Officials from the Small Business Administration, which administers the program, didn’t respond to requests for comment. But Treasury Secretary Steven Mnuchin, who has been steering SBA policy on the program, indicated in a televised interview last week that “technical fixes” would be made to address concerns raised by some businesses.
The steps being considered will mean a shift in the program’s focus—from one that was primarily aimed at keeping employees on the payroll, to also helping to keep small businesses from failing.
“Liberalizing the rules by lowering the requirement to spend 75% on payroll-related costs and/or extending the time frame that funds can be used is critical for the survival prospects of millions of small businesses, and the ultimate success of this program,” said Ann Marie Mehlum, a former top SBA official and senior adviser at FS Vector, a financial advisory firm.

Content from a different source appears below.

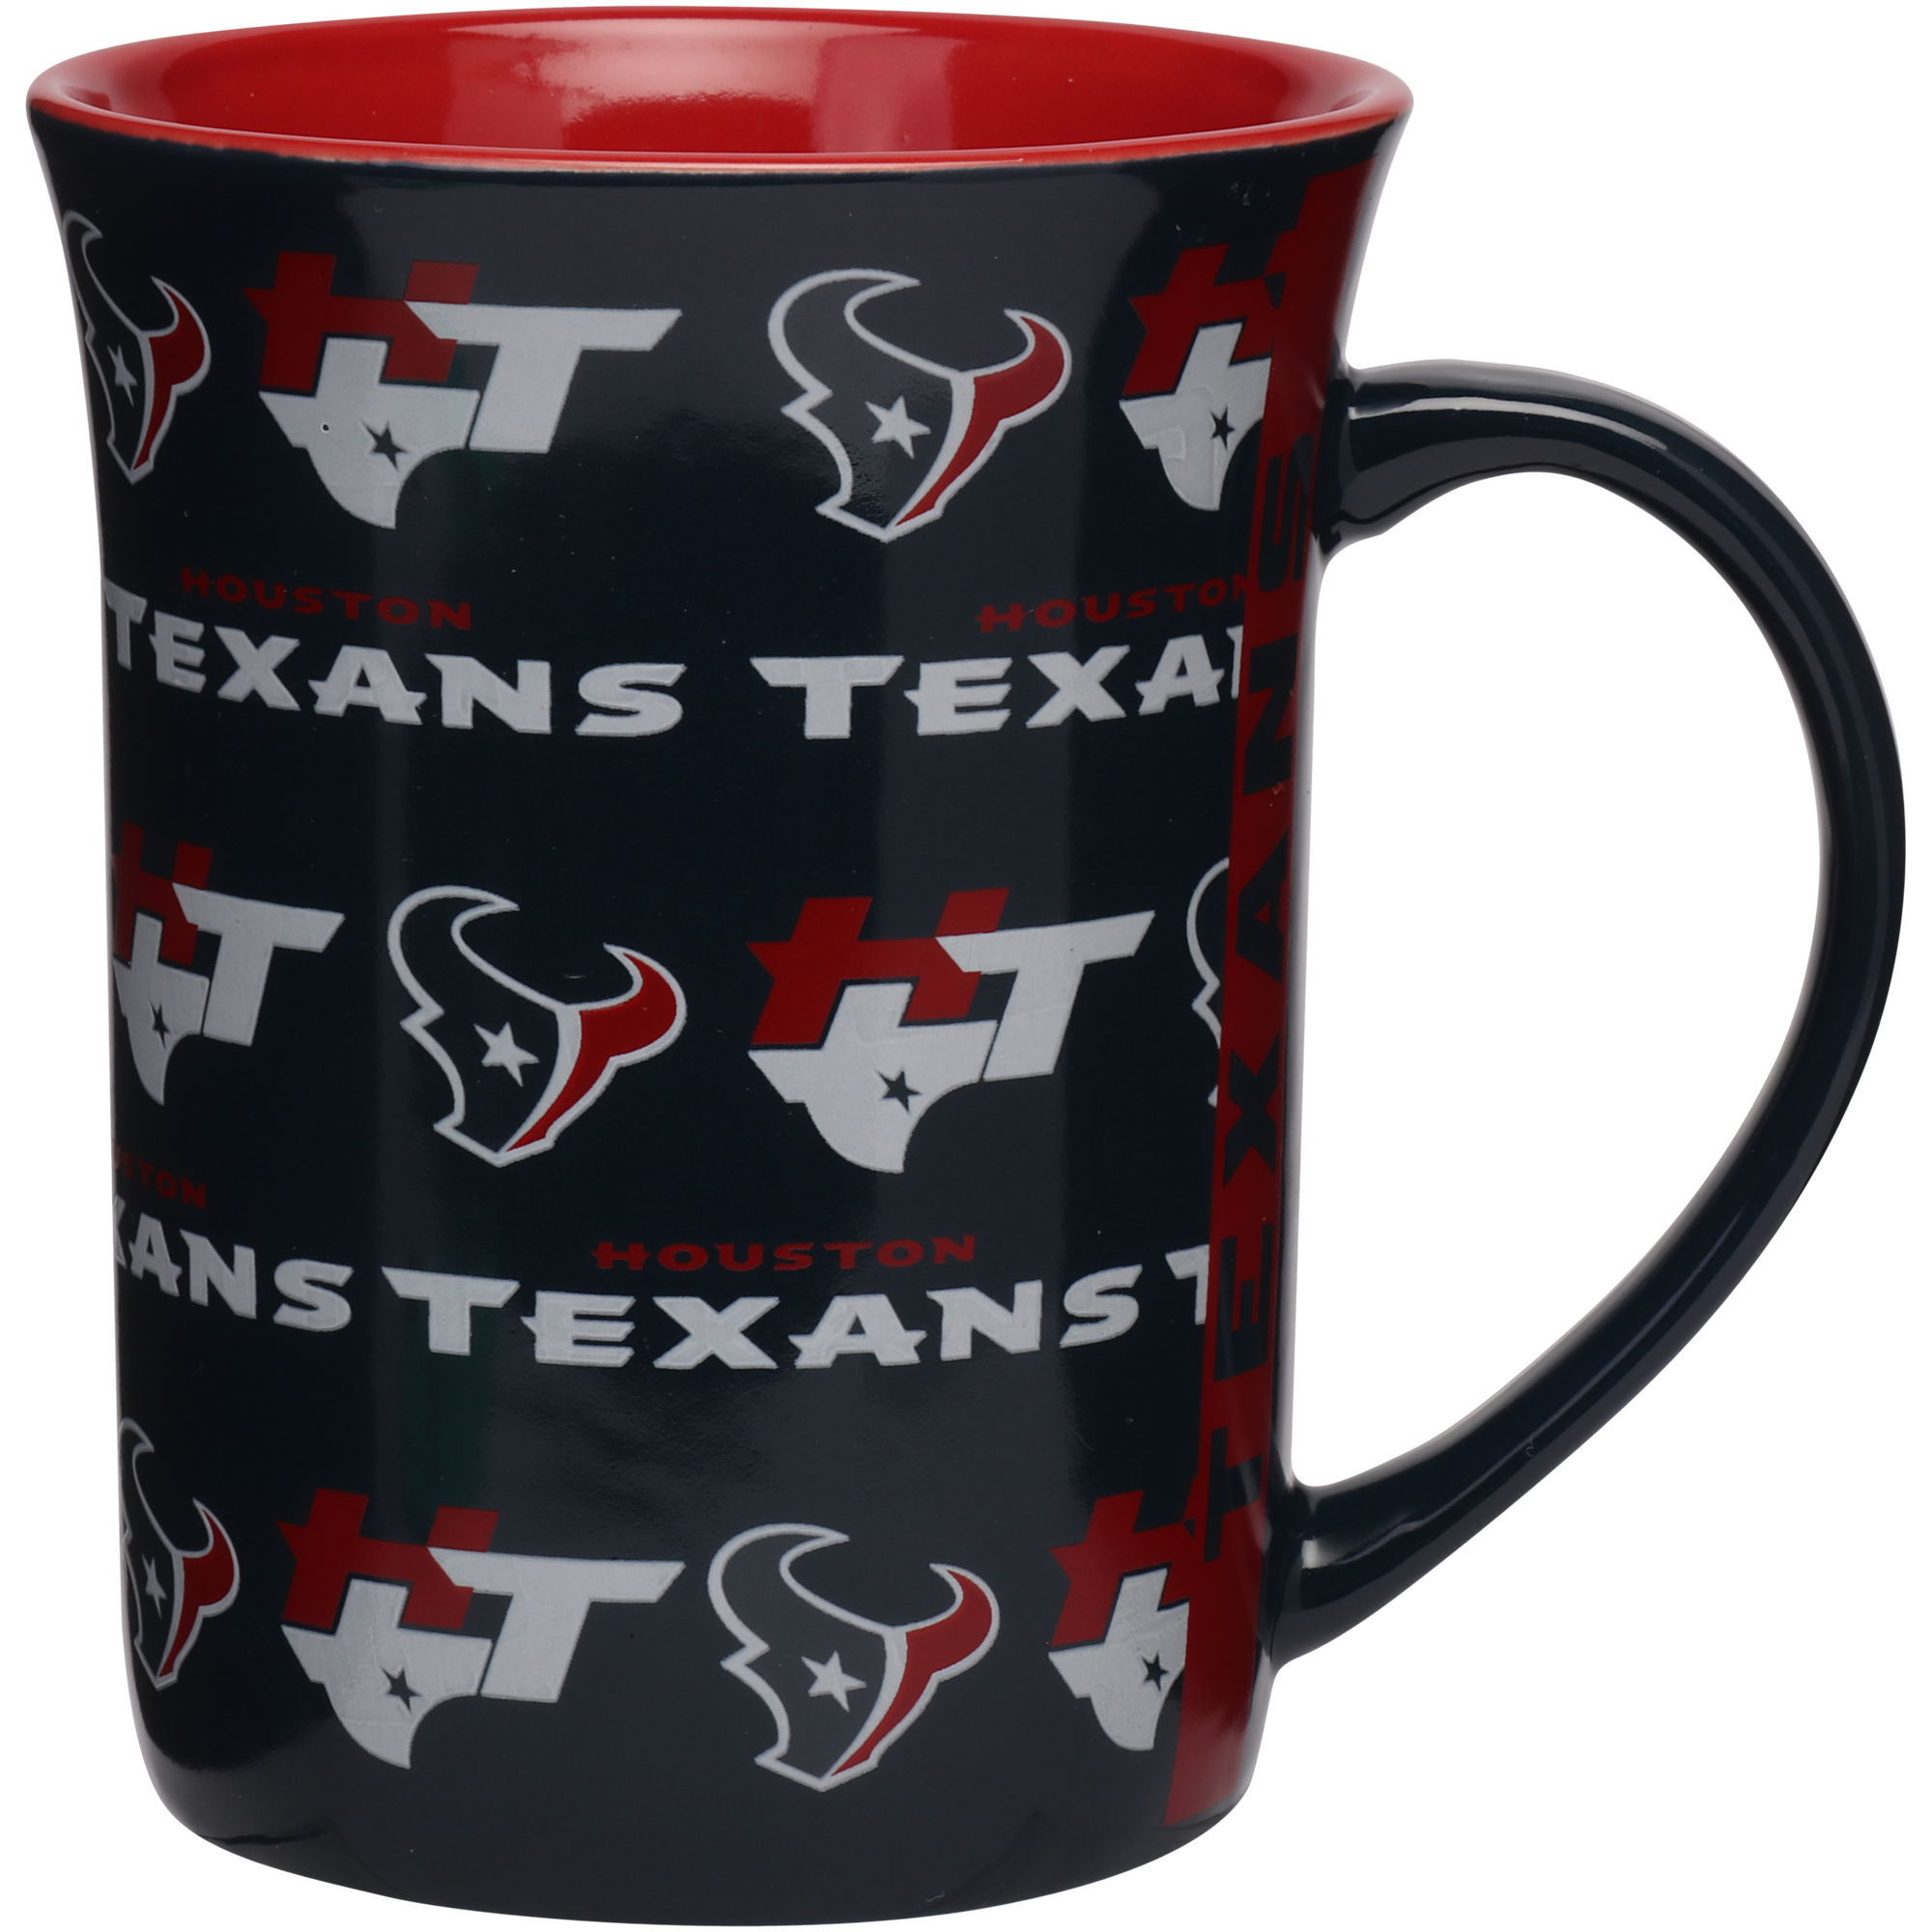 Houston Texans 15oz. Line Up Mug - No Size

Change is being driven in part by cooling demand for loans, which business advocates say reflects an inability of companies to use the money.
The initial tranche of $350 billion in loans ran out April 16, after about two weeks. But three weeks after the second $310 billion tranche of funding was opened up, about 37% of the funds remained available, according to figures on the SBA website.
Changes to the program could help business owners like Janice Riordan, who runs a women’s clothing boutique in Venice, Fla.
After receiving her PPP loan, she has only been able to bring back three of her six employees. She lost $250,000, or 70%, of her revenue between mid-March and early May, a peak season.
Even after her store reopened on May 4 after a month’s closure, sales are running at 30% below normal levels. Unopened boxes of merchandise are piled high in the back room and paying her expenses, vendors and business credit-card debt is a struggle, she says.
“Mostly, I have become angry. I think it’s part of the grieving process,” she said. “I feel it isn’t worth taking this chance. At the push of a button, it could be halted again,” she said.
Changes are expected to come in two waves. Technical fixes in a new guideline on loan forgiveness from the Treasury Department and the SBA to be unveiled in the coming days.
Treasury and SBA released Friday an application form for loan forgiveness and said that regulations and guidance will be issued “soon” to help borrowers and lenders.
Broader changes could require congressional action. The National Federation of Independent Businesses has asked Congress to expand the repayment period for the amounts that aren’t forgiven to five years from the current two years, and to allow businesses to apply for the paycheck program loans more than once if needed.
Alfredo Ortiz, president of Job Creators Network, an advocacy group close to the GOP, said small businesses immediately need administrative guidance from the SBA and Treasury, adding that he expects broader changes to come later as part of the next stimulus package. His group recommends the eight-week period for using funds start once each business is permitted to operate at full capacity by its local government.
“Because otherwise you may have 25% of revenues coming in, which is the maximum mandated by law, but you are being asked to bring in 100% of your payroll. That is a mismatch of cost and revenue. As a business person, you will never do that,” Mr. Ortiz said.
The program generally aims to provide businesses that employ 500 or fewer people with loans that can be forgiven if the money is used primarily to pay employees.
The SBA’s Inspector General issued a report May 8 that said the SBA veered from congressional intent in some cases, noting that the 75% payroll rule was never mandated by the legislation.
The SBA told the Inspector General that the 75% rule was imposed to “effectuate the core purpose of the statute and ensure finite program resources are devoted primarily to payroll.” Changing that rule doesn’t require a legislative action and Treasury can revise it on its own, says a spokesman for Sen. Marco Rubio (R., Fla.), while extending the eight-week period for using the funds does. Mr. Mnuchin said the 75% rule is based on how Congress designed the program and that he would be “happy to work with Congress” if lawmakers wish to change it.